A ja nadal ją kocham. Tak jak dwie godziny temu, a nawet mocniej.
- Zmieniło się
Zbysiu.
Zrywasz się na
nogi. Spoglądasz na mnie tym swoim zdziwionym zielonym wzrokiem. Stoisz niczym
słup soli, zupełnie jakbyś nie był w stanie ruszyć żadnym z mięśni. Tak, jakby
praca, którą wykonuje teraz Twoje głośno bijące serce, pochłaniała całą Twoją
energię.
- Madzia, jesteś w
końcu. Pozwól mi teraz wszystko wyjaśnić, pozwól powiedzieć jak bardzo cię
kocham...
- Cii... To nie ma
dla mnie znaczenia. Wiem, że mnie nie zdradziłeś. Wierzę ci. Błagam cię tylko,
nie oszukuj mnie nigdy więcej. Bądź szczery i kochaj. To wszystko.
Szybkim ruchem
znalazłeś się obok mnie. Wpatrujesz się teraz w moje oczy. Ja w Twoich widzę
skruchę i miłość. Delikatnie całujesz mnie w usta. Wtulam się w Twoje ramiona i jedyne czego tak
na prawdę chcę, to czuć ich bliskość już do końca życia. Już na zawsze mieć Cię
przy sobie. Na zawsze być szczęśliwa.
- Madzia, kocham
cię. Kocham najbardziej na świecie.
- Kiedy wyszedłeś,
zdałam sobie sprawę, że nie chcę żyć bez ciebie. Zrozumiałam, że nigdy nie
pokocham już nikogo tak mocno jak ciebie. Jesteś moim oddechem, moim powietrzem.
- Brakowało mi
ciebie. Każda minuta bez ciebie pozbawiała mnie oddechu.
Nie wiem, czy
będziemy ze sobą już zawsze. Nie wiem, czy wytrwamy we wspólnym oddechu. Nie
wiem czy Bóg będzie dla nas łaskawy, ale między nami widać tą Jego Iskrę, która
oświetlać nam będzie każdy wspólny dzień. Nie wiem jak długo będę budzić się
przy Twoim boku. Nie wiem jak długo pozwolisz mi pić kawę ze swojego kubka. Nie
wiem, Zbyszku. Wiem jednak, że zawsze będę Cię kochać. Tak samo mocno jak Ty
kochasz mnie.
Nie czekałam na Twój
powrót, bo tym razem to ja musiałam wrócić, Zbyszku. Teraz wiem, że to Twoich
pocałunków pragnęłam. Marzyłam tylko o Twoim dotyku. To na Ciebie zawsze czekałam, Zbyszku. Jesteś
moim oddechem, tak jak ja Twoim…
_____________________________________________
Witam :)
Widzimy się tutaj po raz ostatni. Przypomnę tylko, że całe opowiadanie dedykowane jest Melody :)

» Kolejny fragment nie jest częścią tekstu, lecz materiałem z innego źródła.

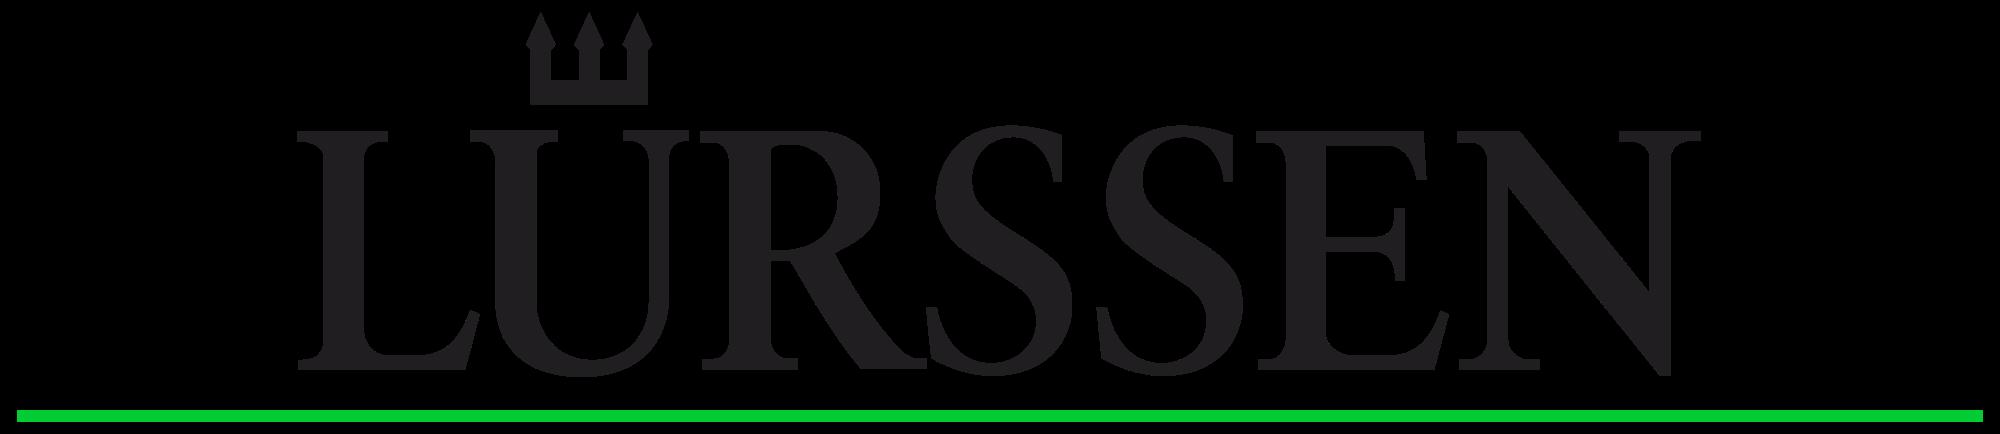 logo-lurssen

Trochę ciężko rozstać mi się z tą historią, ze Zbyszkiem i Madzią, w szczególności z jej uczuciami.
Dziękuję Wam wszystkim za Waszą obecność tutaj. Dziękuję Wam Wszystkim i każdej z osobna, za każde słowo wpisane w komentarzach. Już nie długo będę mogła zaprosić Was na nowe opowiadanie. Trzymajcie się cieplutko :* I do zobaczenia :)
Pozdrowienia z Miasta Siatkarskich Mistrzów Polski :****
Boże, jakie to jest piękne, cudowne i w ogóle. Jaka szkoda, że już koniec, ale jeśli będzie drugie, to może jakoś to przetrwam :)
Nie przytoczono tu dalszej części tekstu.